Comme annoncé lors de son audition devant le Parlement européen en octobre dernier (EUROPE 13510/15), Apóstolos Tzitzikóstas, commissaire européen aux Transports et au Tourisme durables, a annoncé la mise à jour de trois directives européennes applicables aux contrôles des véhicules, à l'immatriculation des véhicules et aux contrôles routiers des véhicules utilitaires.

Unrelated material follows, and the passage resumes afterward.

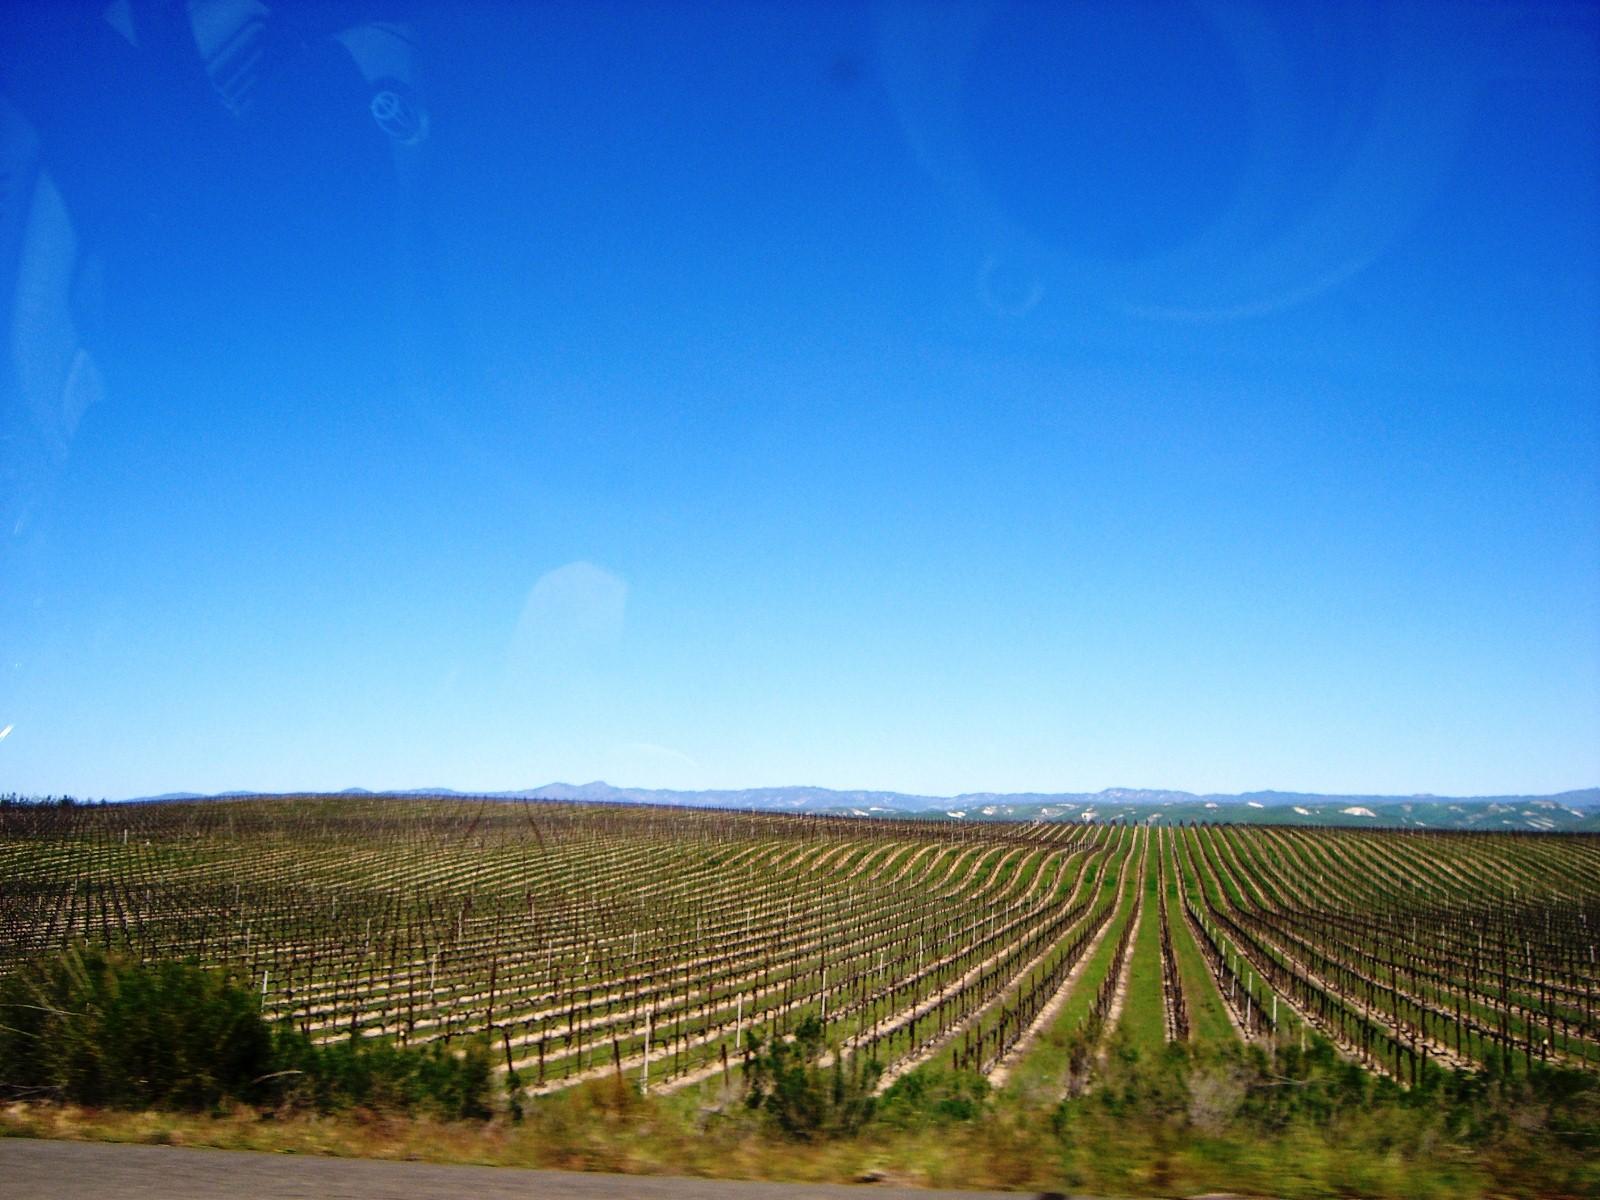 Click image for larger version  Name:vineyards1.JPG Views:63 Size:427.1 KB ID:59387
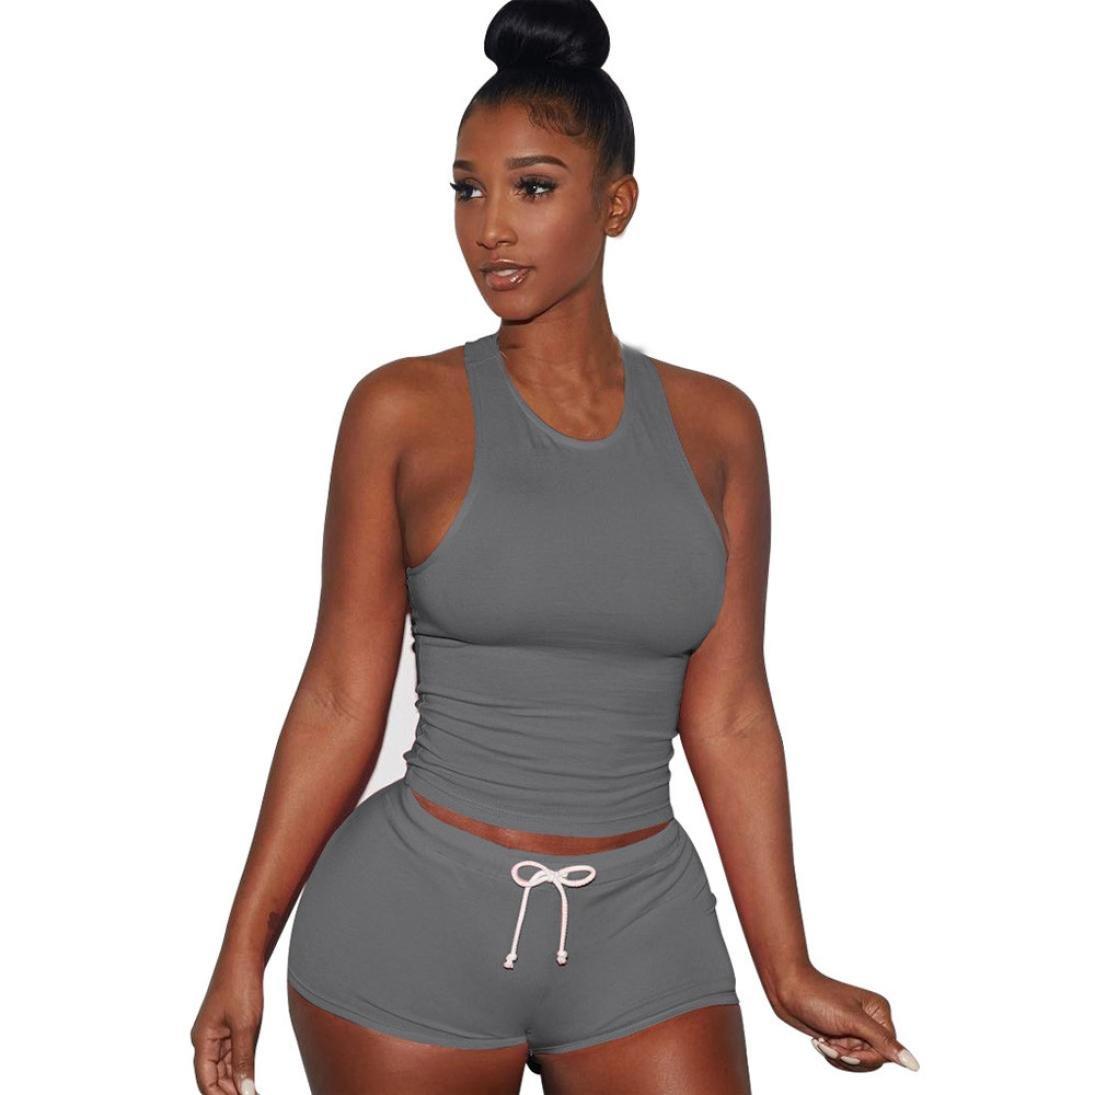 Women Playsuits 2 Piece Set Tank Top + Short Pants Sleeveless Split Casual Outfit Sportswears

Cette révision complète des règles de l'UE en matière de sécurité routière et d'immatriculation des véhicules, qui a fait l'objet d'une consultation en 2022 (EUROPE 12987/30), doit « remplacer des règles actuelles dépassées et qui ne suffisent plus à suivre les progrès rapides de la technologie automobile, les préoccupations croissantes en matière de pollution et les problèmes persistants de sécurité routière », selon la Commission. Ces changements devraient avoir un impact significatif sur la sécurité routière, en évitant environ 65 000 blessures graves et en sauvant environ 7 000 vies au cours des 25 prochaines années, d'après elle.
Champ d'application élargi pour le contrôle technique périodique (CTP) des véhicules. Il sera adapté aux véhicules électriques et inclura de nouveaux éléments de vérification pour les systèmes de sécurité électroniques, grâce à une utilisation plus large de l'interface électronique du véhicule. L'intégrité logicielle des systèmes liés à la sécurité et aux émissions sera également testée. Le texte comporte ainsi de nouvelles méthodes de contrôle des émissions pour les particules ultrafines et les oxydes d'azote (NOx, qui regroupent le monoxyde d'azote (NO) et le dioxyde d'azote (NO2)) afin de prendre en compte les véhicules à fortes émissions, y compris les véhicules trafiqués. Les particules de NOx et le bruit seront mesurés par télédétection lors des contrôles routiers de tous les véhicules.
Le contrôle technique annuel deviendra obligatoire pour les voitures et les camionnettes de plus de 10 ans. Les motocycles de plus de 125cm3 ou 11kW seront également soumis au contrôle technique. Les émissions des véhicules utilitaires légers, c’est-à-dire les camionnettes, devront être vérifiées annuellement.
Par ailleurs, pour simplifier le partage transfrontalier des données, les certificats de contrôle technique et d'immatriculation du véhicule seront numérisés. Les relevés de compteur kilométrique seront enregistrés dans les bases de données nationales et mis à disposition des autres États membres en cas de ré-immatriculation. En conséquence, les registres nationaux des véhicules seront interconnectés et contiendront un ensemble de données harmonisées sur les véhicules, par exemple le pays de première immatriculation, le statut d'immatriculation et les informations sur les modifications importantes apportées au véhicule. Il sera ainsi plus facile de reconnaître et de vérifier les certificats d'un pays à l'autre.
L'État membre d'immatriculation sera obligé de reconnaître un certificat de contrôle technique délivré par un autre État membre pour des véhicules de tourisme pendant une période de six mois et pourra reconnaître indéfiniment les contrôles techniques effectués dans d'autres États membres de l'UE pour n'importe quelle catégorie de véhicules.